A general framework for floating point error analysis of simplex derivatives
Yiwen Chen, Warren Hare, Amy Wiebe
TL;DR
This work develops a general framework for floating point error analysis of simplex derivatives used in derivative-free optimization, showing that any simplex derivative fitting the form $\\nabla_X f(\\mathbb{Y})=(A^\top)^{\\dagger} B f(\\mathbb{Y})$ can be analyzed for FP errors. It derives non-FP gradient error bounds (e.g., $\\mathcal{O}(\\Delta)$ for GSG and $\\mathcal{O}(\\Delta^2)$ for GCSG) and couples them with FP error bounds arising from pseudo-inverse computation and function evaluations, resulting in concrete bounds and guidance on selecting the sample-diameter $\\Delta$. The analysis applies to the generalized simplex gradient (GSG), generalized centred simplex gradient (GCSG), and generalized adapted centred simplex gradient (GACSG), including cases with misalignment or distortion between sample sets. A key contribution is the explicit derivation of minimal $\\Delta$ values that balance discretization accuracy against FP error, enabling more reliable gradient approximations in practice. The framework also highlights that tighter bounds may be achievable when the underlying structure of a specific simplex derivative is exploited.
Abstract
Gradient approximations are a class of numerical approximation techniques that are of central importance in numerical optimization. In derivative-free optimization, most of the gradient approximations, including the simplex gradient, centred simplex gradient, and adapted centred simplex gradient, are in the form of simplex derivatives. Owing to machine precision, the approximation accuracy of any numerical approximation technique is subject to the influence of floating point errors.
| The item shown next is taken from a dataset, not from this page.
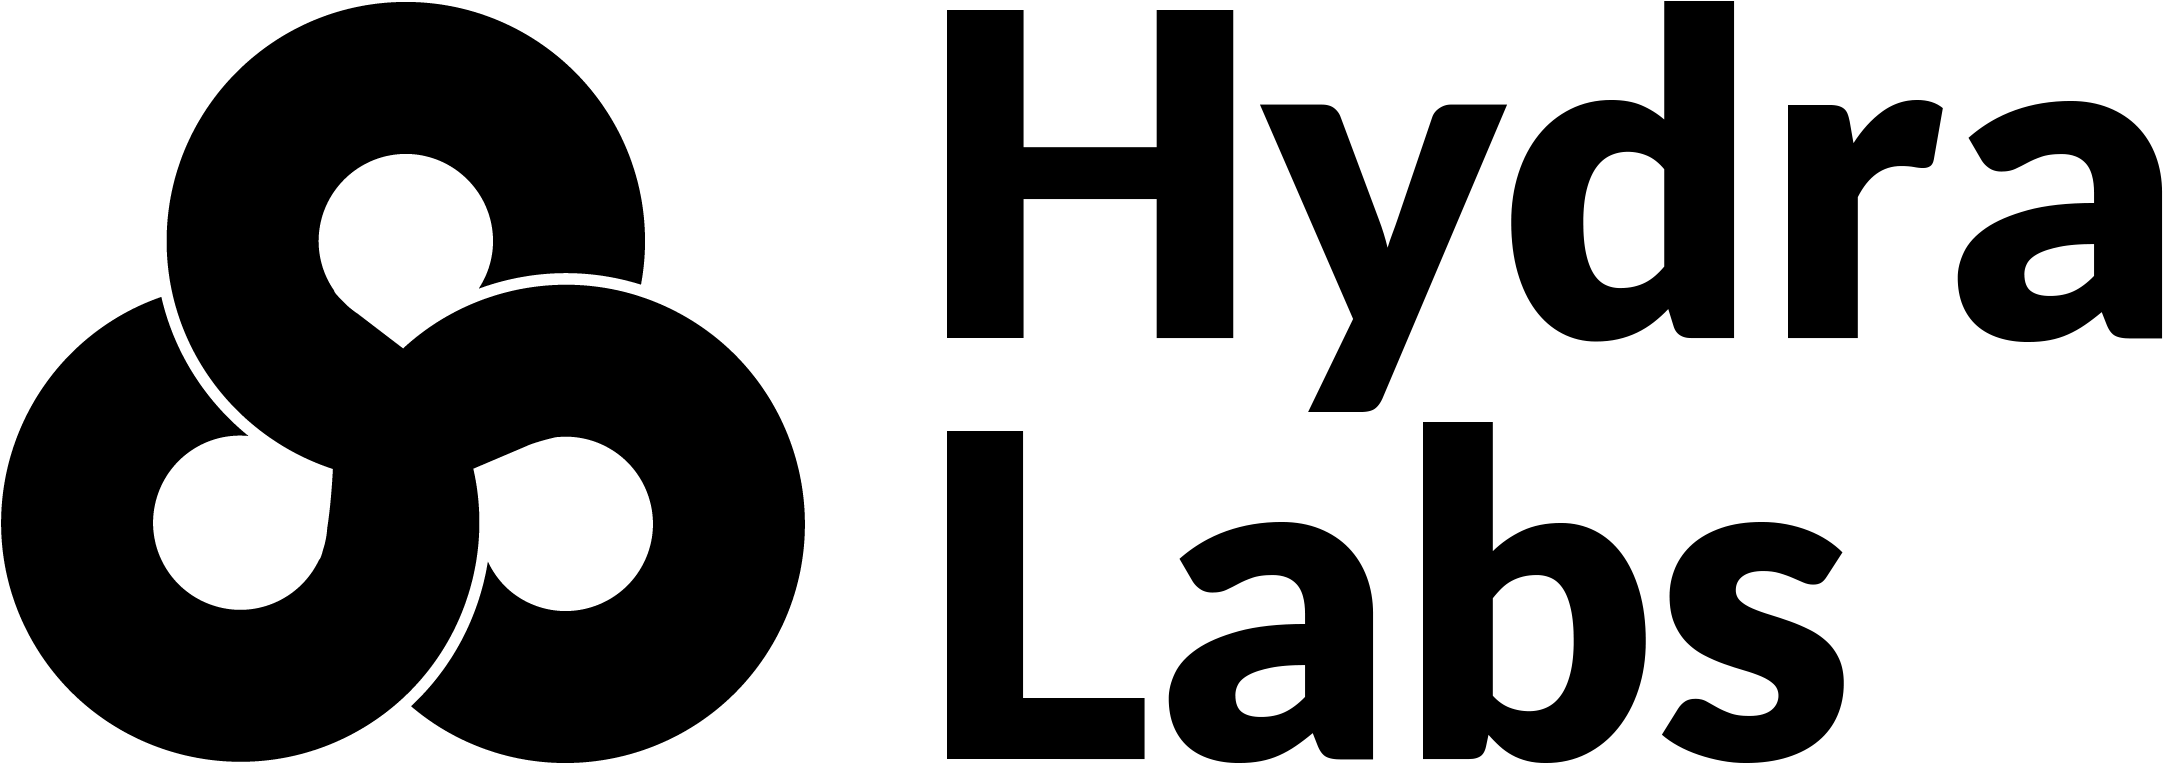 Marvel Hyra logo PNG Image de haute qualité

In this paper, we provide a general framework for floating point error analysis of simplex derivatives. Our framework is independent of the choice of the simplex derivative as long as it satisfies a general form. We review the definition and approximation accuracy of the generalized simplex gradient and generalized centred simplex gradient. We define and analyze the accuracy of a generalized version of the adapted centred simplex gradient. As examples, we apply our framework to the generalized simplex gradient, generalized centred simplex gradient, and generalized adapted centred simplex gradient. Based on the results, we give suggestions on the minimal choice of approximate diameter of the sample set.